There is also a very special and unique day trip for those who love the small stuff. Gilimanuk Bay or the so called “Secret Bay” is a famous muck diving spot and unfortunately no longer a real secret. Many dive centres take their guests to this lagoon daily to see the assortment of incredible creatures. “Muck diving” is best described as diving in a large sand or mud field filled with a lot of garbage. It’s not easy to see this as a fun dive, but this special mix of mud and garbage creates a habitat for some of the most extraordinary animals on our planet. Have you heard about an LSD mandarin fish or a striped poison-fang mimic blenny? No? Then the Secret Bay is worth a visit.

Dive Notes

Bali is one of more than 17 000 islands that make up the Indonesian archipelago. The word ‘paradise’ is used a lot in Bali and not without reason. The combination of friendly, hospitable people, visual culture infused with spirituality and spectacular beaches with great surfing and diving have made Bali Indonesia’s number one tourist attraction. Eighty present of international visitors to Indonesia visit Bali and Bali alone.

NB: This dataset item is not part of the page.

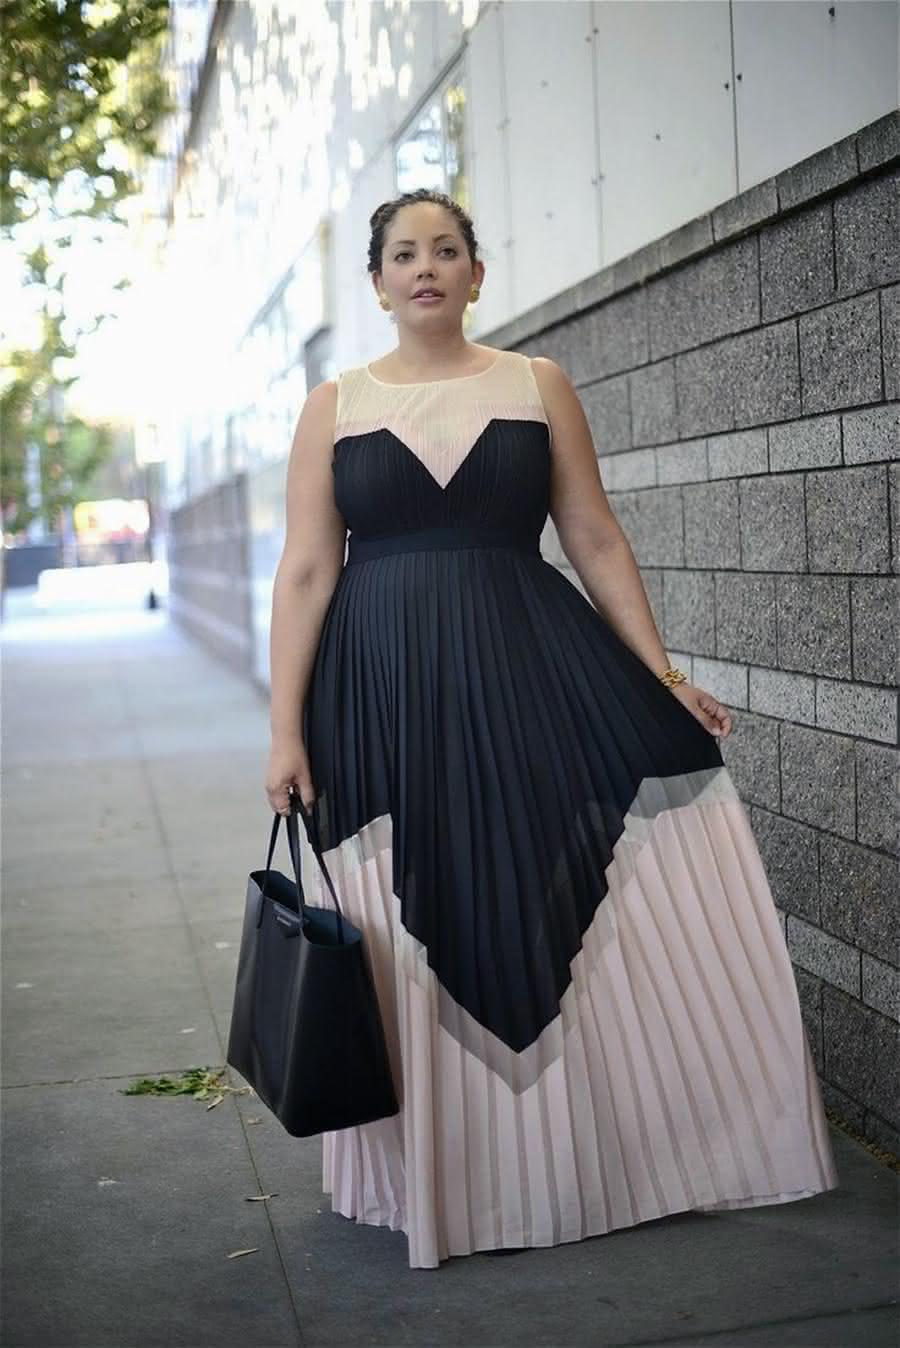 c76205f243 vestido-longo-plus-size-vestidos-longos-plus-size-vestidos-plus-size-vestido -plus-size-vestidos-longos-vestido-longo-plus-size-comprar-moda-plus-size- plus- ...
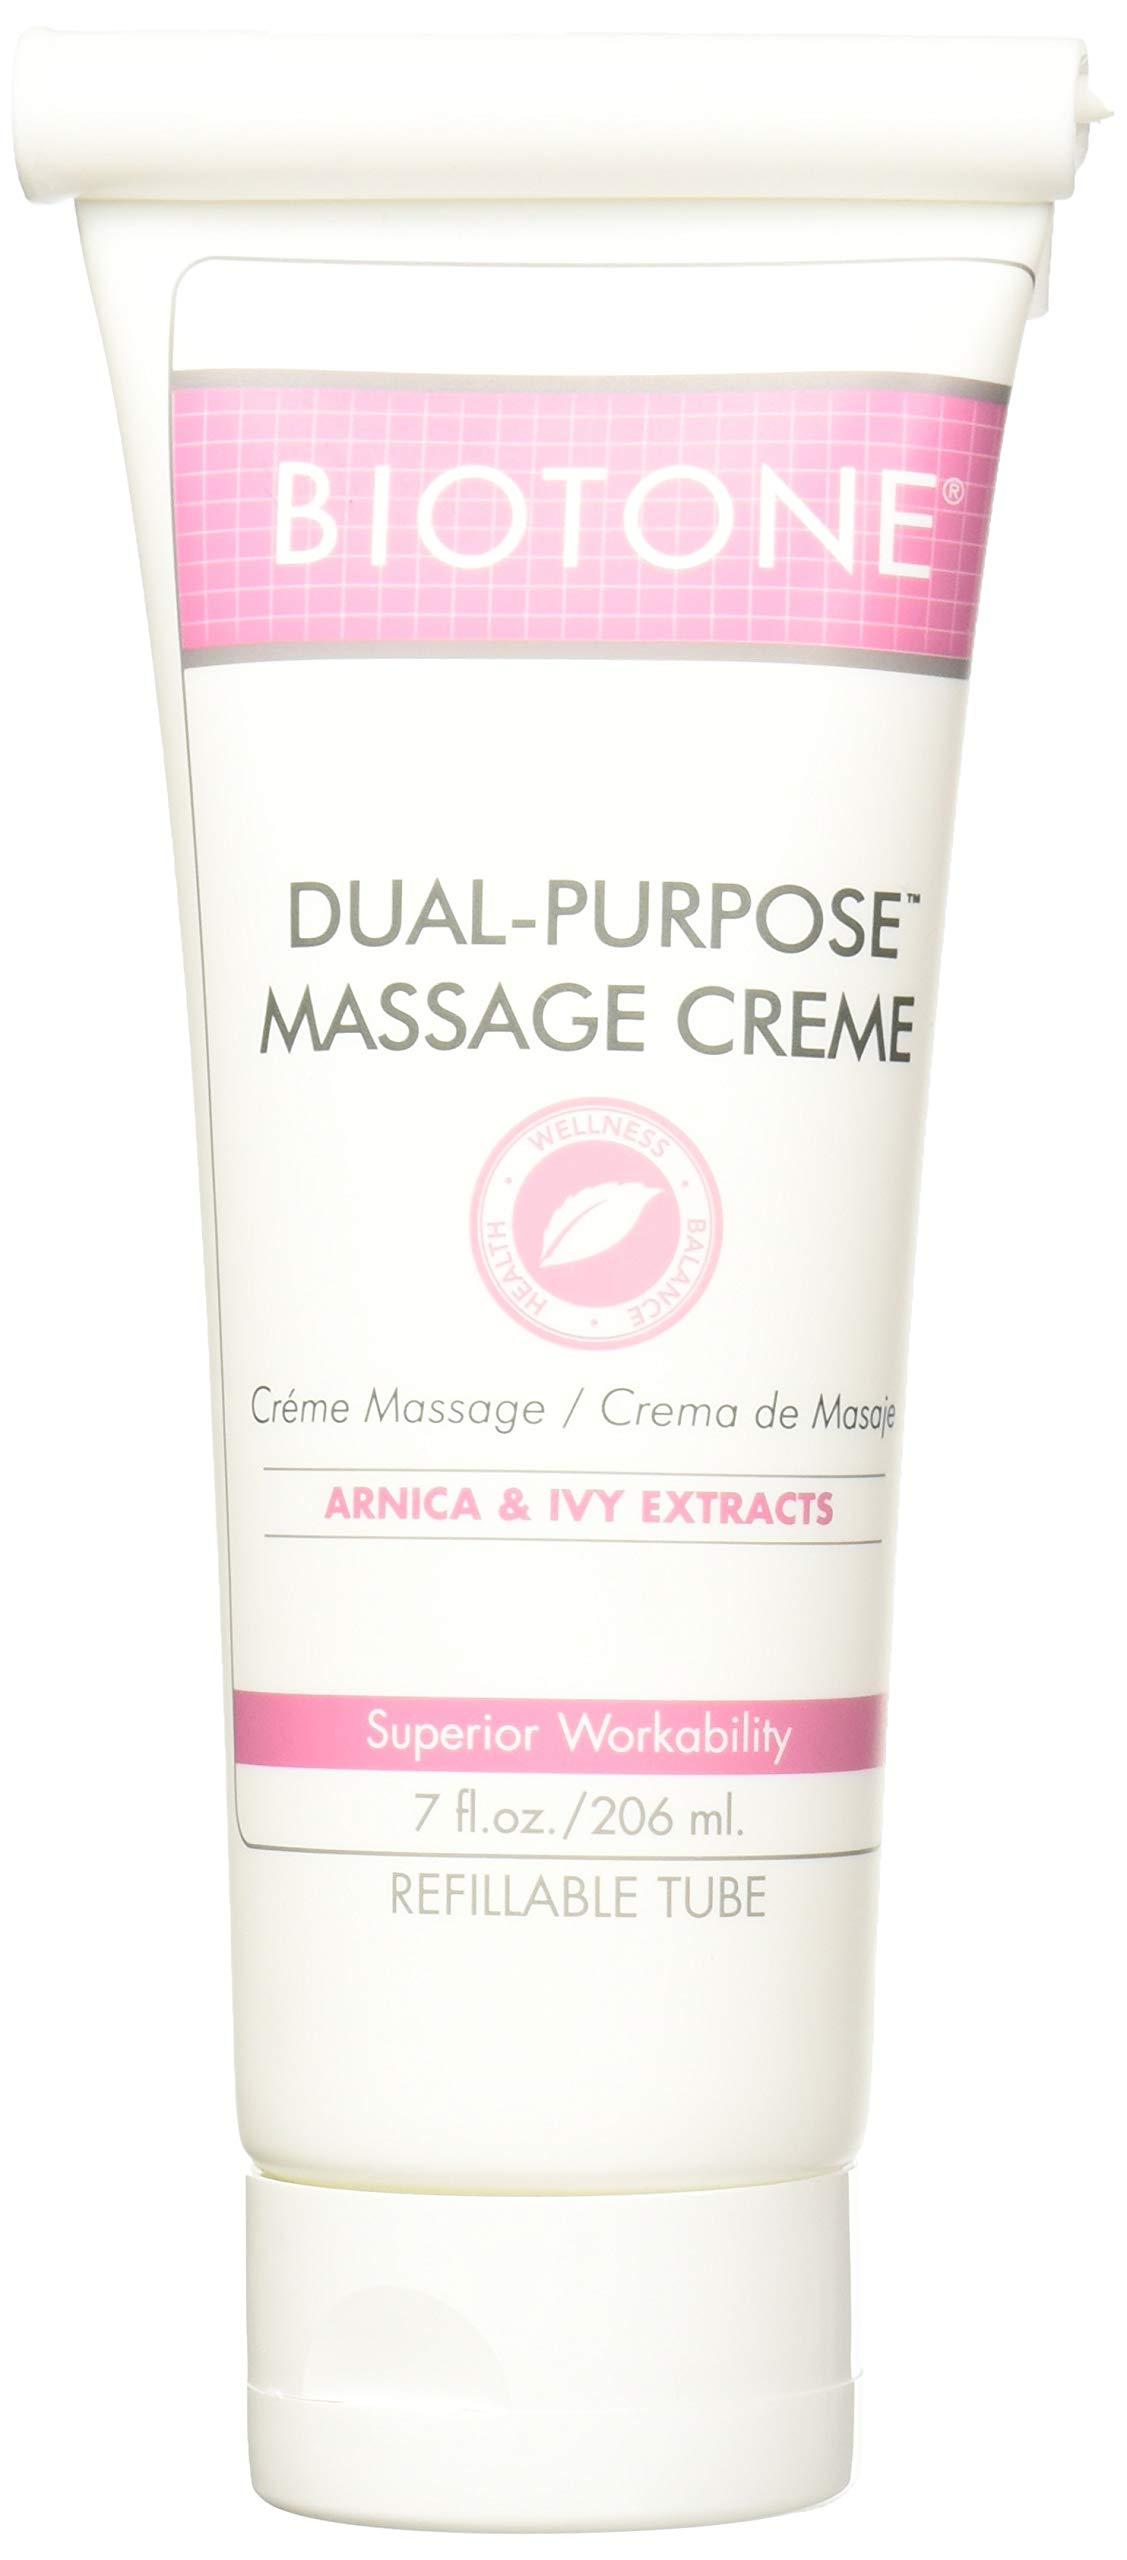 Biotone Dual Purpose Massage Creme 7 oz - Pack of 2 Tubes by Biotone

The popularity has a flip side — like many places in the island’s South, parts of Kuta have degenerated into a congested warren of concrete, touts and scammers. Many make a living by overcharging tourists. This negativity aside Bali has managed to retain its magic. Bali is a wonderful destination with something for everyone, and though heavily travelled, it is still easy to find some peace and quiet.

Avoid the South of the island if you want a more traditional and genuine Balinese experience. Take note of tourist season, Bali can get very crowded in August and September and again at Christmas and New Year. Outside these peak seasons, Bali can be surprisingly quiet and good discounts on accommodation are often available.

A lot of the major airlines fly into Indonesia so its possible to put your own trip together. There are also specialist travel operators who can help you plan a dive or surf trip to Bali that will suit your budget. It is easier to pay for as much as you can in advance.

Try to sample the local cuisine. Drink bottled water and try the local Bintang beer.